Editorial - Give healthcare reform a chanceThe American public is a finicky lot, especially when it comes to change. The Republicans were counting on that in the health care reform debate.
The American public is a finicky lot, especially when it comes to change. The Republicans were counting on that in the health care reform debate. But now that the vote has been taken, and the health care reform bill signed into law last Tuesday by President Barack Obama, and more details about the bill are sinking in, public opinion has moved the other way.
Last Wednesday, a USA TODAY/Gallup Poll finds a plurality of Americans now think that the law is the way to go. By a margin of 49 percent to 40 percent, those polled favor the new bill as something positive. The largest single group, 48 percent, call the bill a good first step but needing more work. And that’s exactly it. The Senate has yet to approve a reconciliation bill to the new law, but even then Congress should continue tinkering with it until something is found that satisfies the most people.

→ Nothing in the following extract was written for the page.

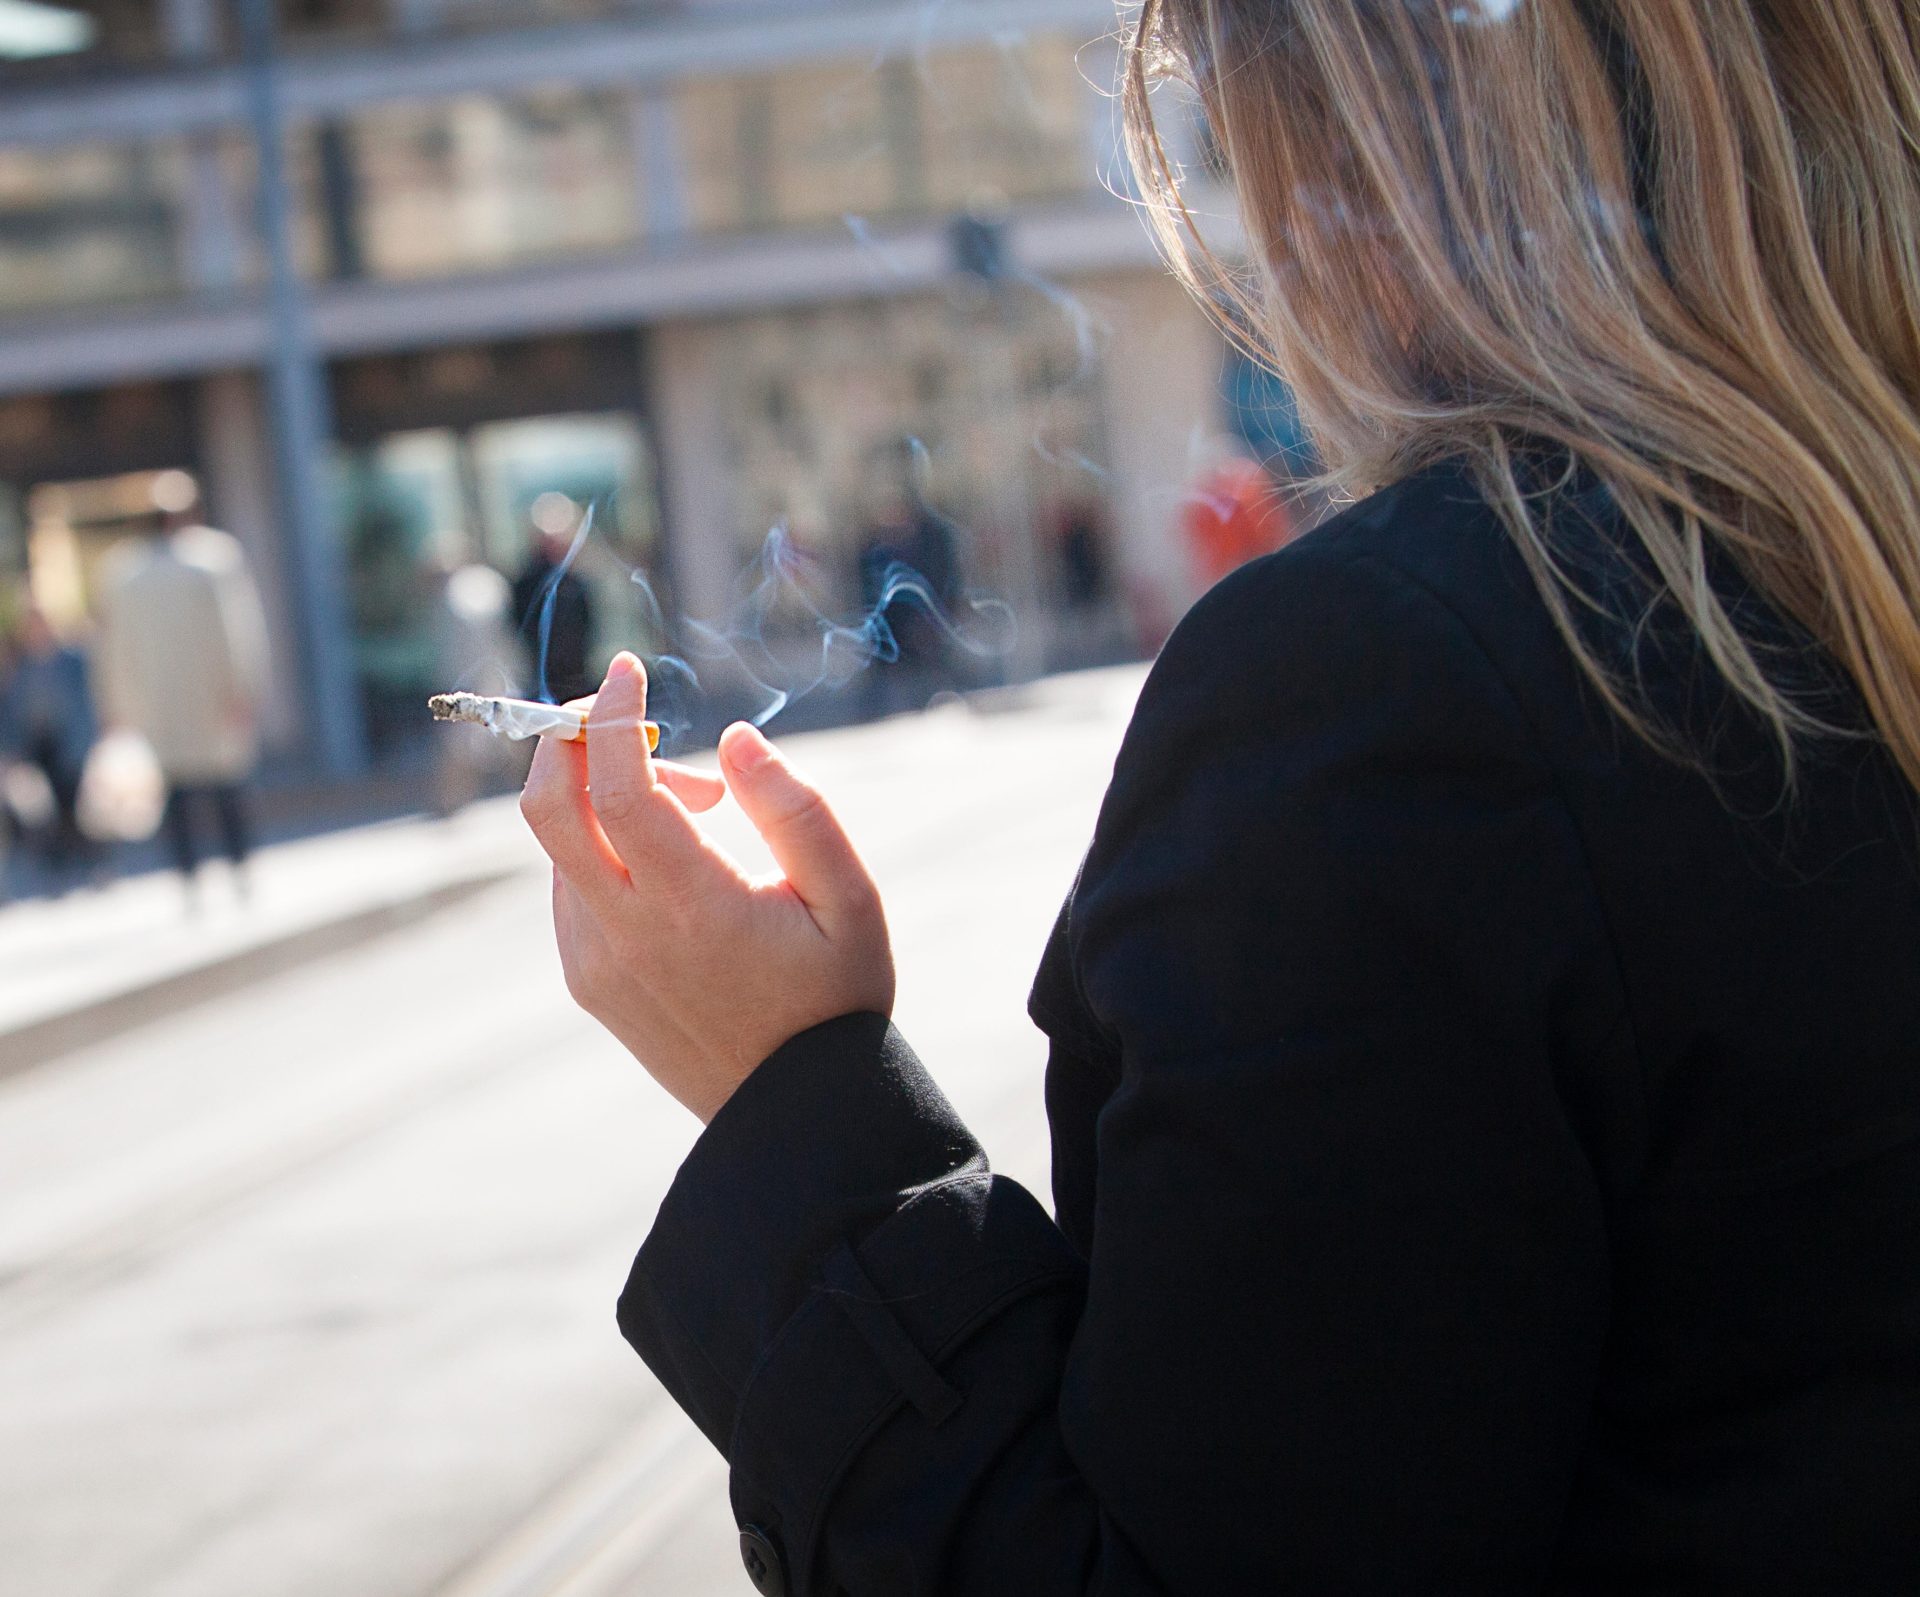 File photo shows a woman smoking.

It’s essentially sour grapes for losing Republicans to condemn health care reform as passed and signed into law, and to make threats of repeal. Instead of continuing their role of being naysayer to everything President Obama touches, the GOP should offer their own solutions to the idea pot and let the best rise to the surface.
As it is right now, the new law will allow people with pre-existing conditions to be insured, will remove caps on coverage, which should prevent bankruptcies caused by unpayable medical bills, and provide tax credits to small businesses struggling but still providing their employees with health insurance.
We also find it hard to understand why Governor Tim Pawlenty and Minnesota Republicans want Minnesota Attorney General Lori Swanson to join 14 other states in a lawsuit questioning the constitutionality of the law, especially when Pawlenty is counting on $300 million from the bill to help solve the state’s near $1 billion budget shortfall.
Government is to provide for the public safety and public health, and ensuring quality, affordable and portable health care to all Americans fits that bill.
This editorial appeared in the March 25 issue of the Bemidji Pioneer. The Pioneer and the Echo Press are owned by Forum Communications Company.